By bitcoin-mining-like I mean I would track the time people put in and have accomplishment of milestones unleash value that is then distributed among the people that contributed time to make it happen.

That amount becomes how much of the company they own (e.g. issue private stock).

#5289298 Returning by value is inevitable?

Posted by on 29 April 2016 - 01:34 PM

Anyone care to explain what is wrong with the static variable solution? I've used this for years and always thought it was a convenient and fast solution.


It's not technically different that returning the result in a global variable except it's even less obvious what it going on.

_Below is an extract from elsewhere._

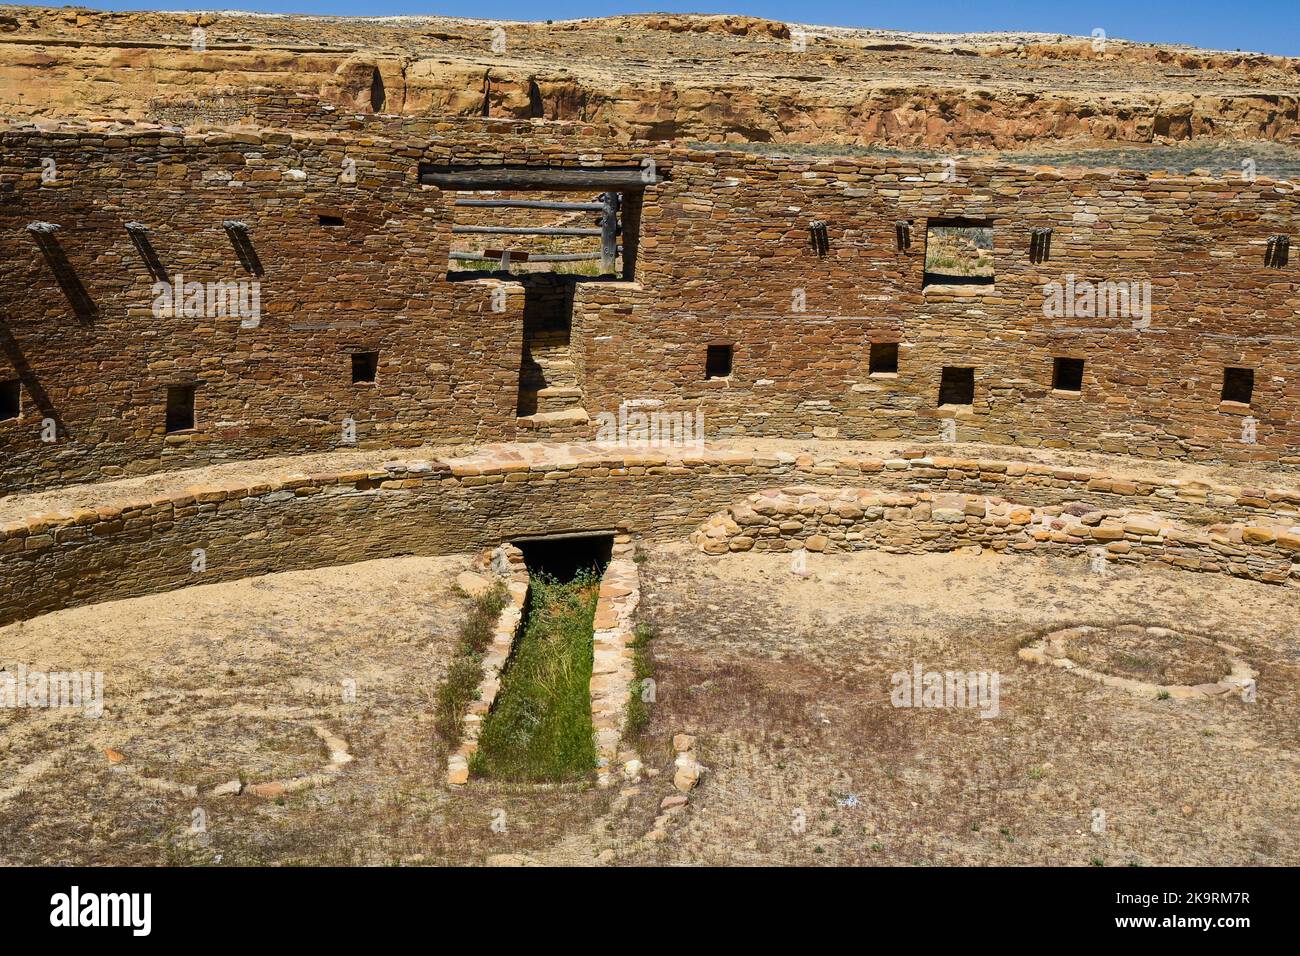 Chaco Culture National Historical Park in New Mexico Stock Photo

(Others have pointed out why this bad; breaking thread-safety and I presume also exception safety.)

Over the past 10 years or so all such code in the C standard library has been deprecated and replaced by better designed functions.


e.g. You suggested they do this:

float g_result;
void do_stuff(float a, float b)
   g_result = sqrtf(a*a + b*b);

#5289293 Data alignment on ARM processors

Posted by on 29 April 2016 - 01:16 PM

The best way to solve this problem really depends on the details.


Given what you have posted: since you have to perform big/little endian reordering anyway, you can get de-aliasing for free if you use a macro instead of a function as-long-as you write the macro to access the data byte-by-byte.


If the function adapts to the system/data then you need a corresponding no-swap macro that is hard-coded to move 4 bytes (that will be much faster than invoking memcpy for such a small amount of data).